PROVIDED INFORMATION:
= = = = = = =
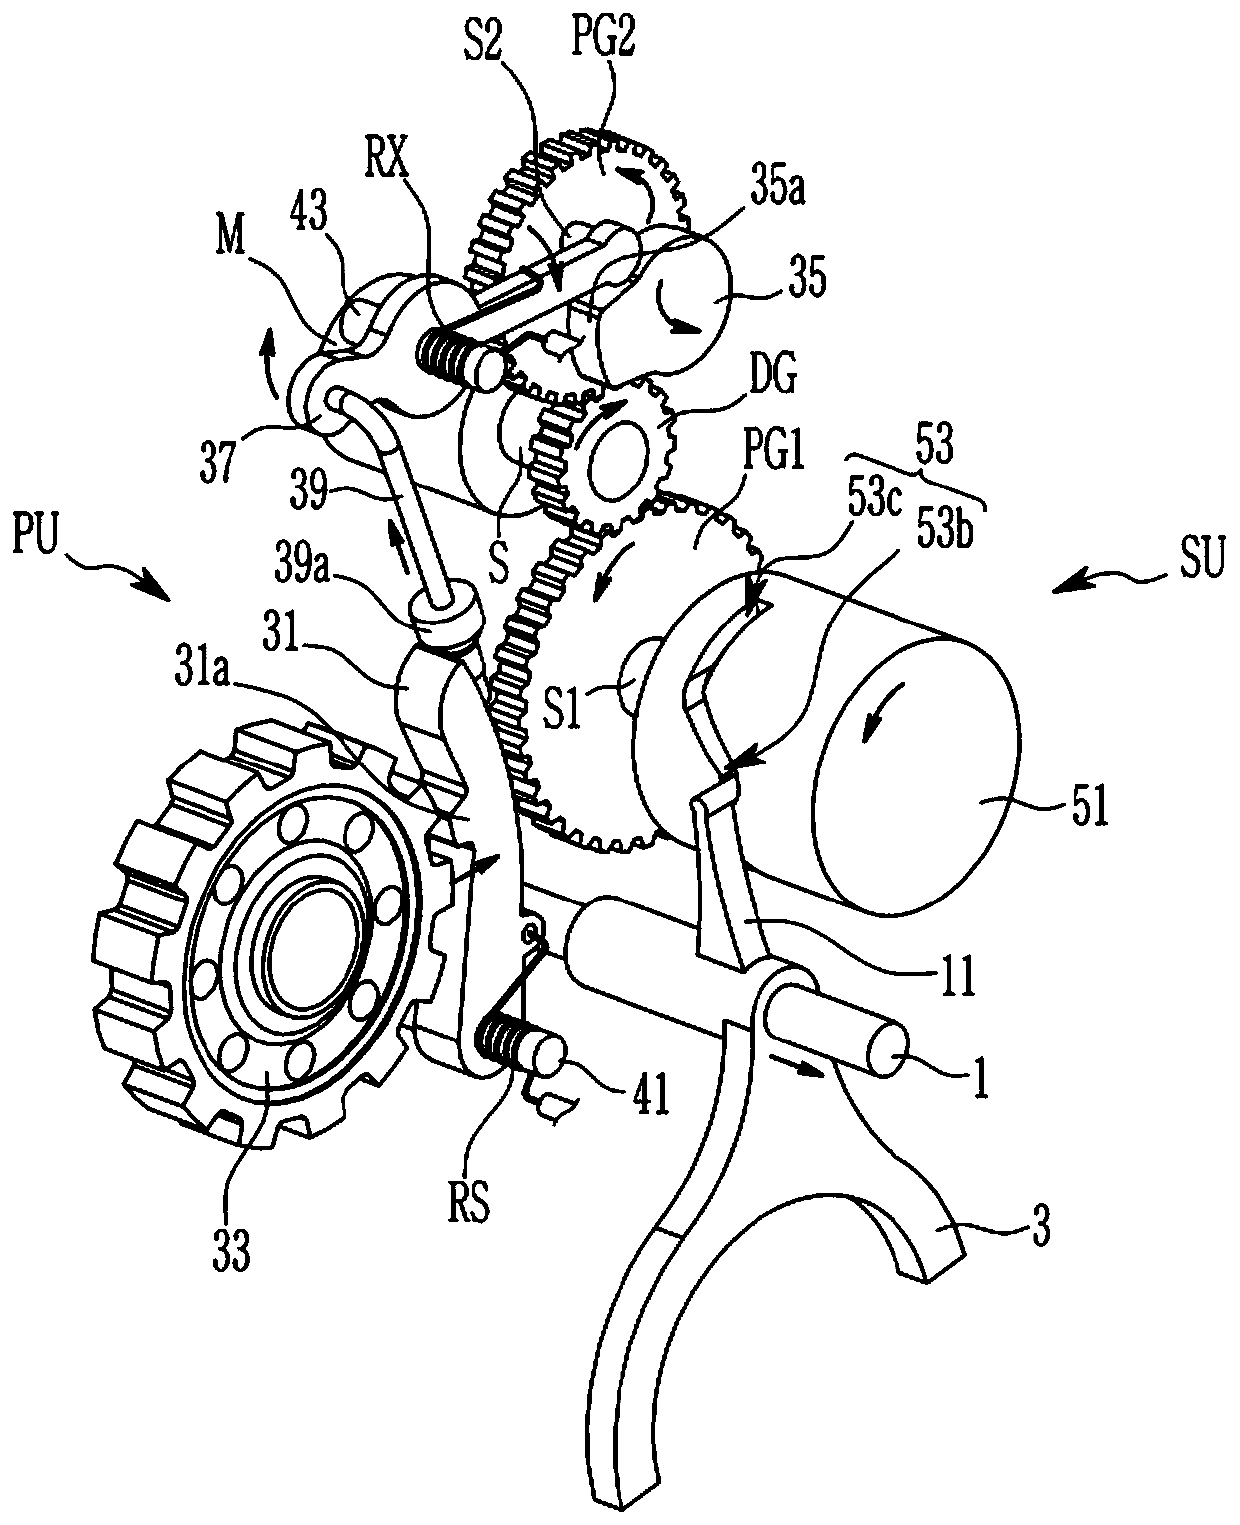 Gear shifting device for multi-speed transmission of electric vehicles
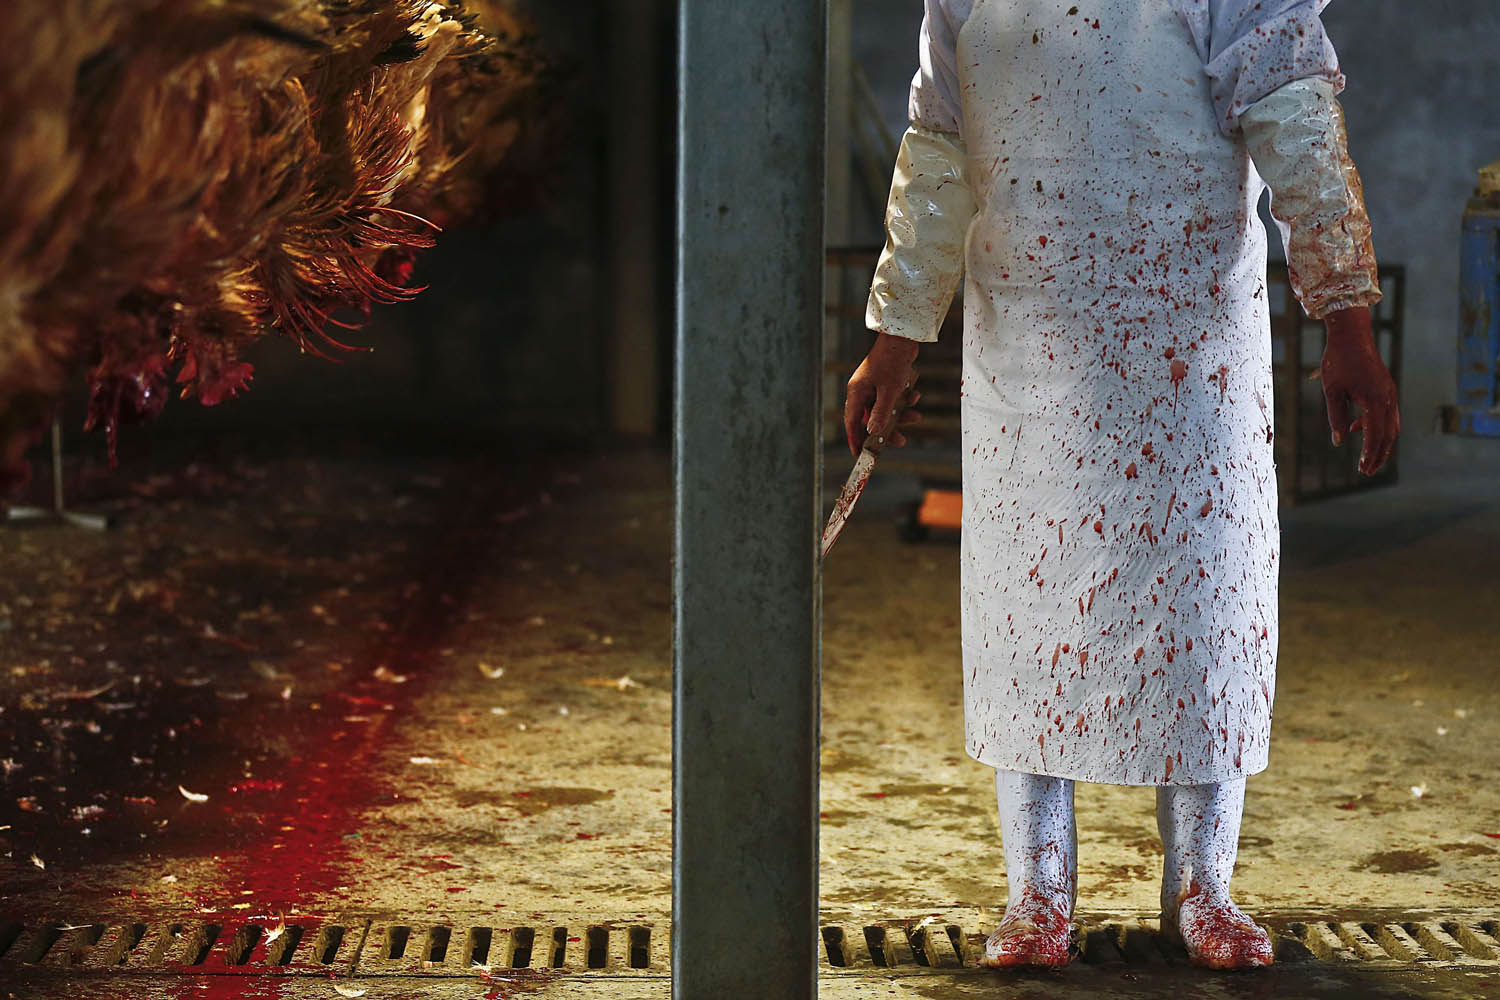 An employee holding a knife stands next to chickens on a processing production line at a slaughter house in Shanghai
= = = = = = =
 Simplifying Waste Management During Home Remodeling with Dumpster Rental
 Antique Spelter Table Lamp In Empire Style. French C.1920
= = = = = = =
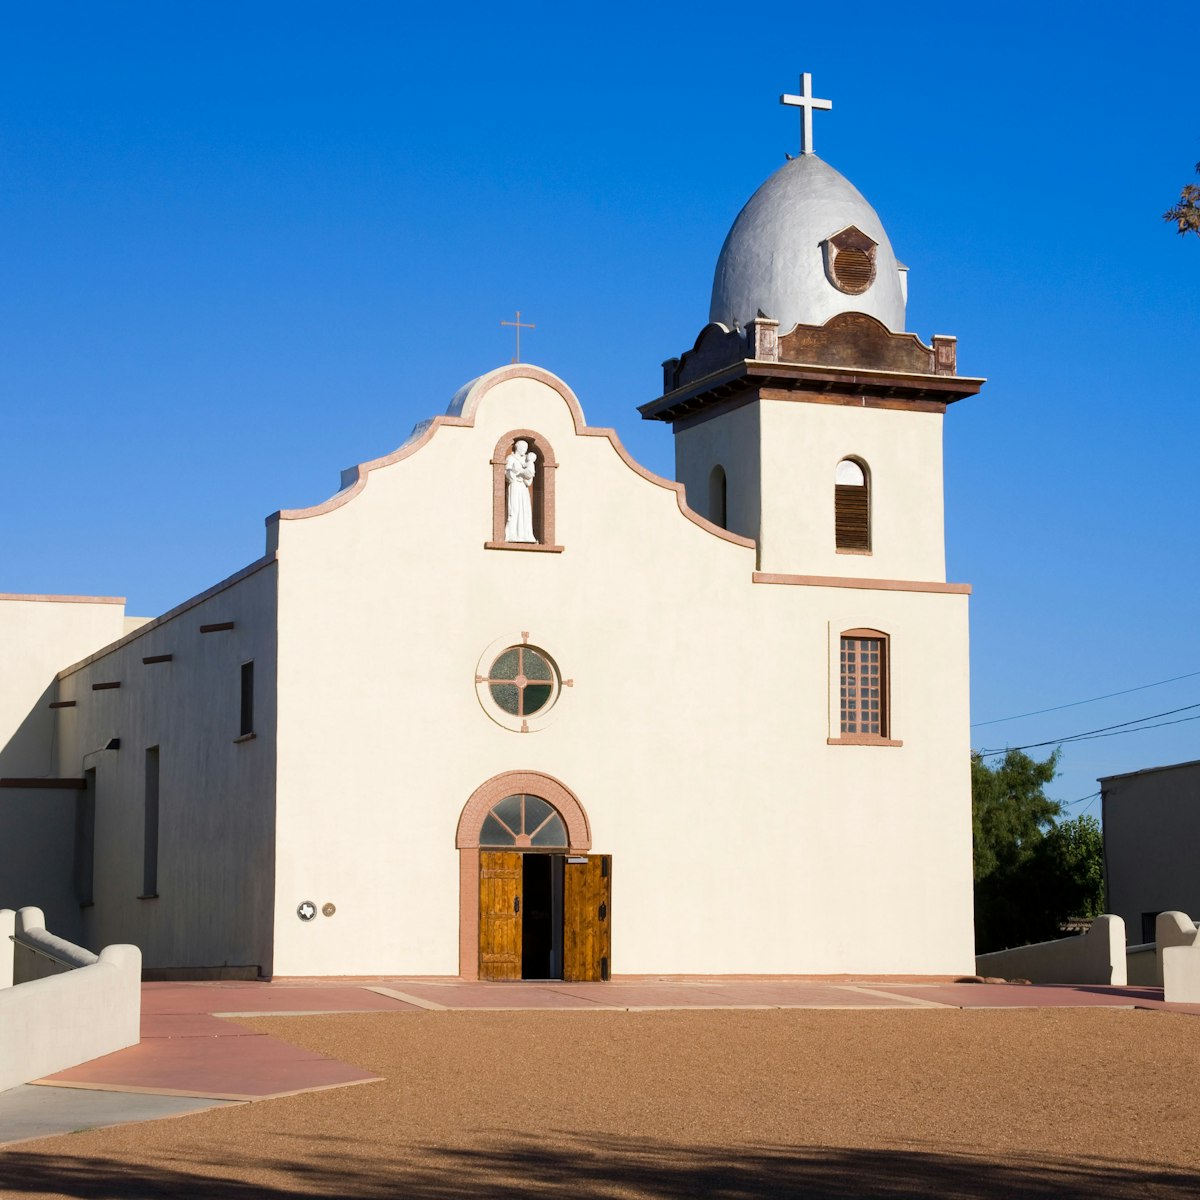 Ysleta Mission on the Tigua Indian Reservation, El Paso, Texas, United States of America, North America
= = = = = = =
TASK DESCRIPTION:
In the records above, copy exactly everything from the line that has "Gear shifting device" down to the line that has "An employee holding", both ends included, and leave out the pictures.

WRITTEN RESPONSE:
 Gear shifting device for multi-speed transmission of electric vehicles
 An employee holding a knife stands next to chickens on a processing production line at a slaughter house in Shanghai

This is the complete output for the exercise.